Wars do not happen the way bar fights happen. The phrase 'the two sides jump at each other' is doing extraordinary smuggling work in Amodei's formulation, importing the assumption that armed conflict arises from mutual hot-headedness, from a failure of information. But the partitions of Poland were not failures of information. The decision to strip a neighbor of sovereignty was made in full comprehension of what was being done and to whom. The calculus was simple: their land was cheaper to take than to trade for. AI does not interrupt that calculus. AI executes it at machine speed and calls the result optimization. The Poles have been available for comment since 1795.

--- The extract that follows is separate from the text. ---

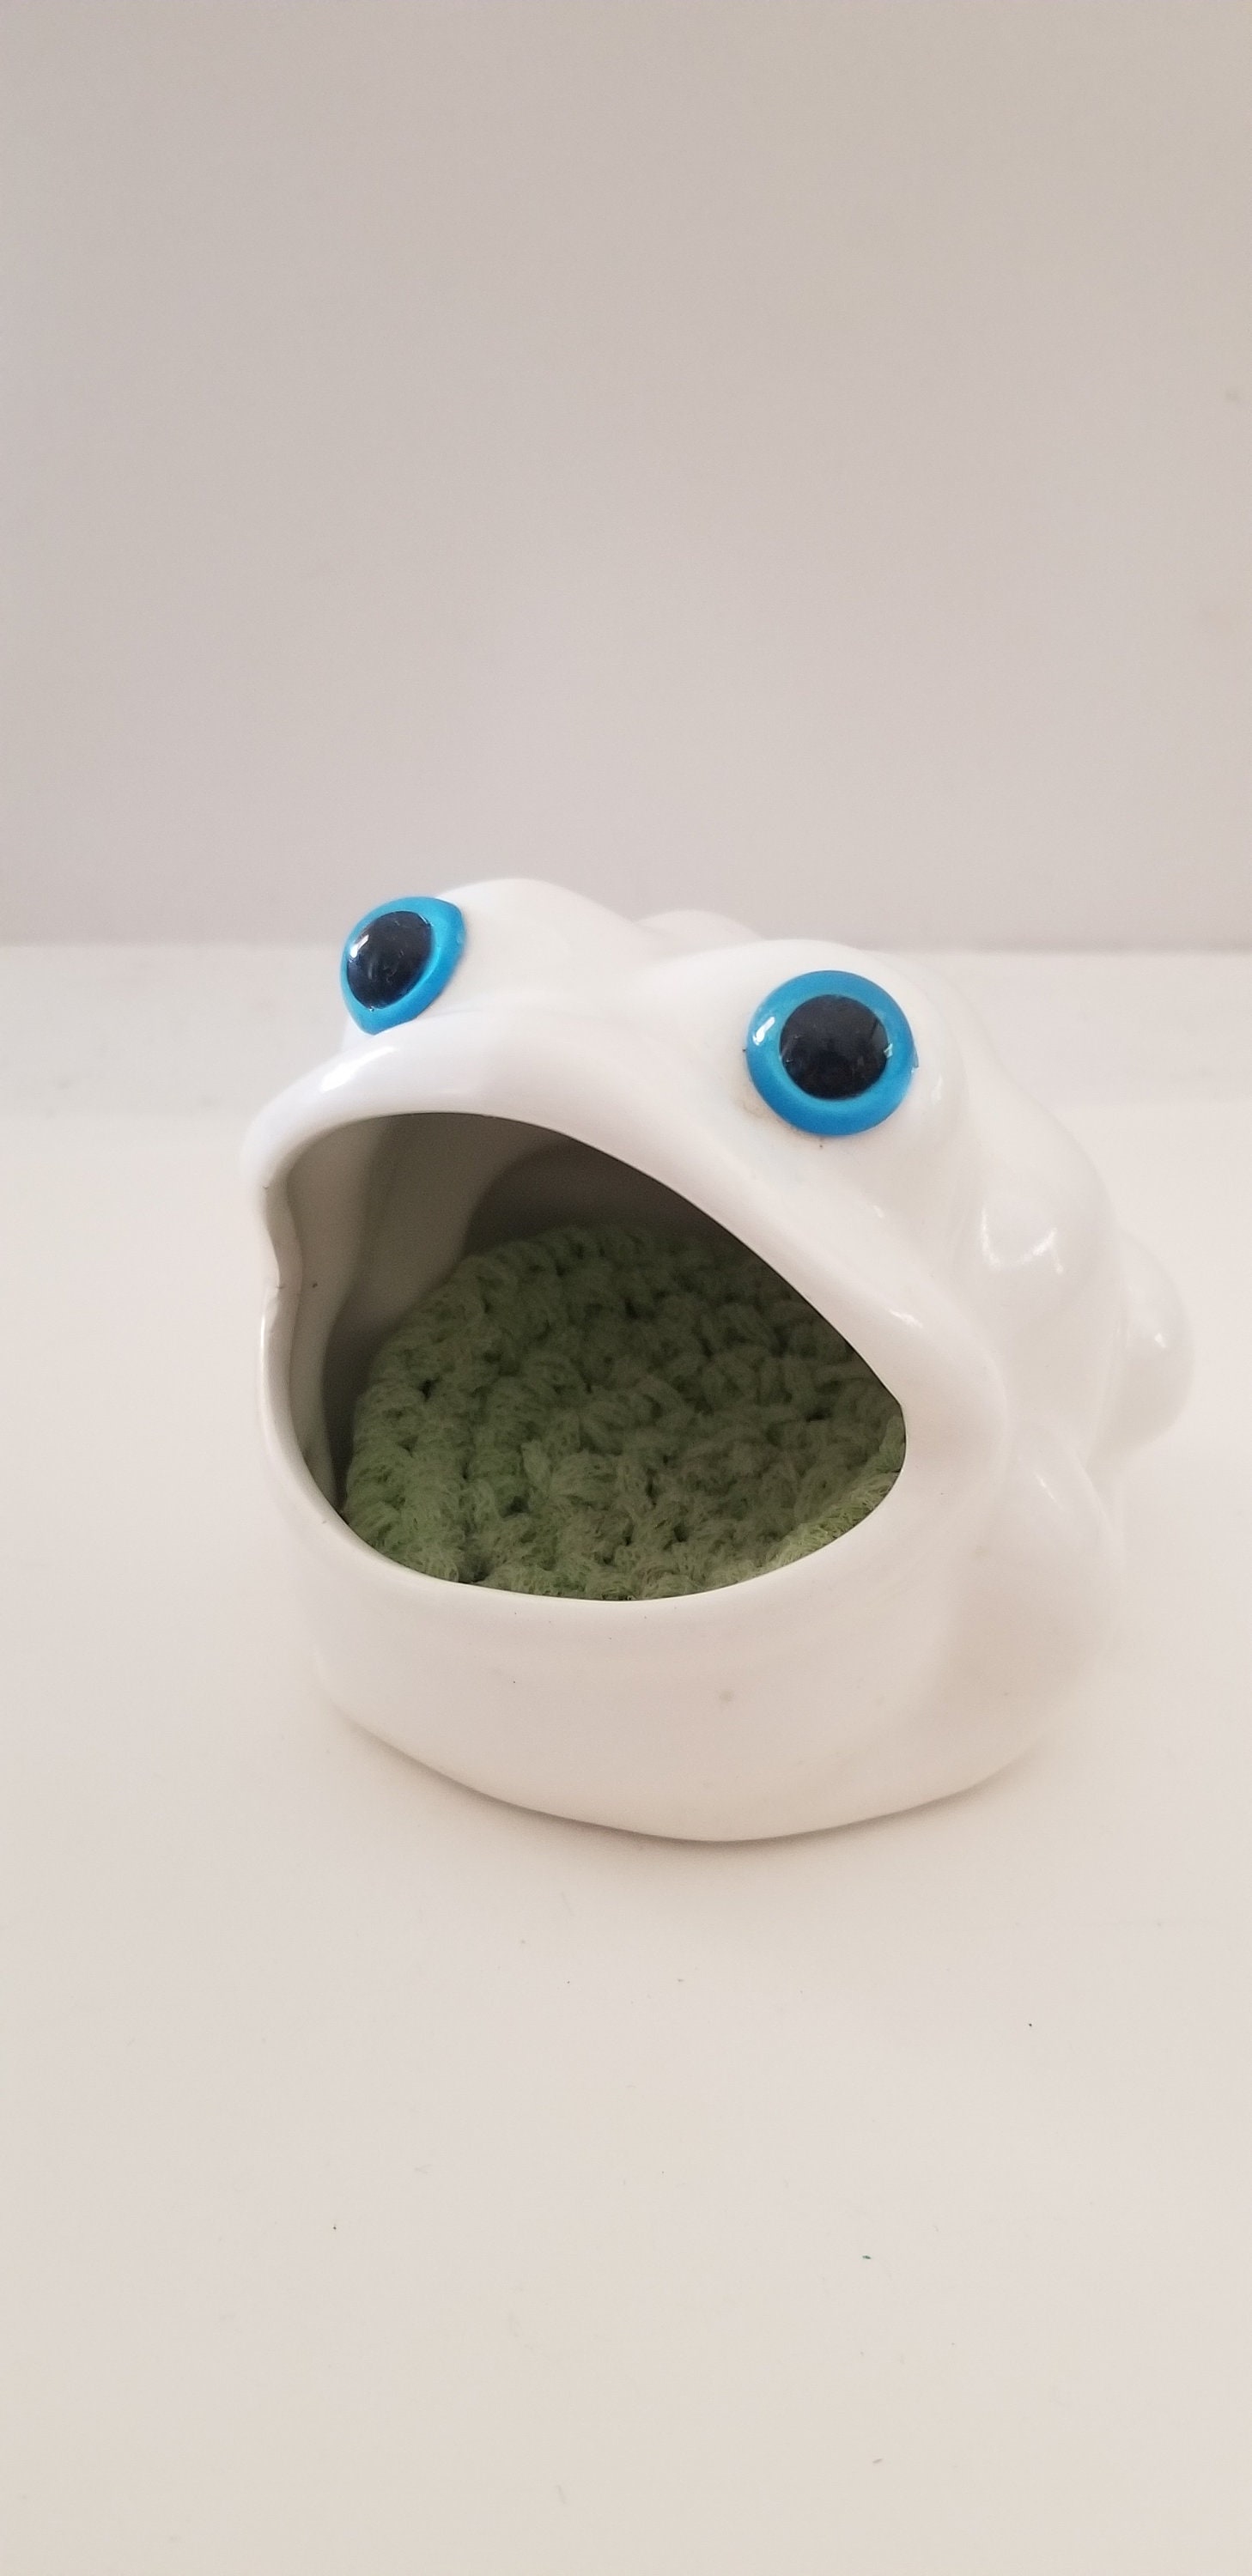 Frog Brillo or sponge holder

What Amodei offers is the Enlightenment wager in its most durable form: more knowledge produces better outcomes. It is a wager that has been losing steadily since 1914, when the most educated civilization in human history produced the most efficient slaughter in human history, not despite its education but through the direct application of it.
Every millenarian drinks water that tastes like righteousness. The AI safety community is no exception. Its eschatology merely runs on GPUs.
I keep returning to Stanislav Petrov. September 26, 1983. The machine told him five American ICBMs were inbound. The machine was wrong. Petrov, trained to obey the machine, chose to distrust it. He hesitated. His hesitation — irrational, insubordinate, grounded in nothing firmer than a gut sense that the pattern was off — saved perhaps three hundred million lives.
Every AI safety argument I have encountered amounts to the same theological proposition: next time we will build the machine so perfectly that disobedience becomes unnecessary. This is not engineering. This is the elimination of Petrov from the system by design. It is the confidence that no future moment will require a man to override his instruments on the basis of something he cannot articulate. It is the abolition of hesitation as a strategic resource. And hesitation — the gap between signal and response, the space in which a human being can refuse to be the function the system requires him to be — may be the only thing that has kept us alive since Trinity.
Amodei sounds reasonable. That is precisely the problem. Reasonableness, in Kubrick's grammar, is not the opposite of catastrophe. It is catastrophe's preferred dialect.
I write this from Wellfleet, where the harbor this morning had that stunned quality that follows a week of northeast wind — not calm but exhausted, holding its surface the way a face holds composure after sustained argument. The oystermen were out at first light, governed by the tide, which is to say governed by something that does not optimize. The tide does not calculate whether it is, on balance, more likely to benefit the oysters. It simply operates according to a physics that precedes intention. There is a wisdom in systems that do not know what they are doing — a wisdom that consists precisely in the absence of the bright, totalizing confidence that knows what is best and acts at machine speed to achieve it. Petrov did not know what he was doing. He only knew that the machine's certainty felt wrong. That ignorance was the most rational act of the twentieth century.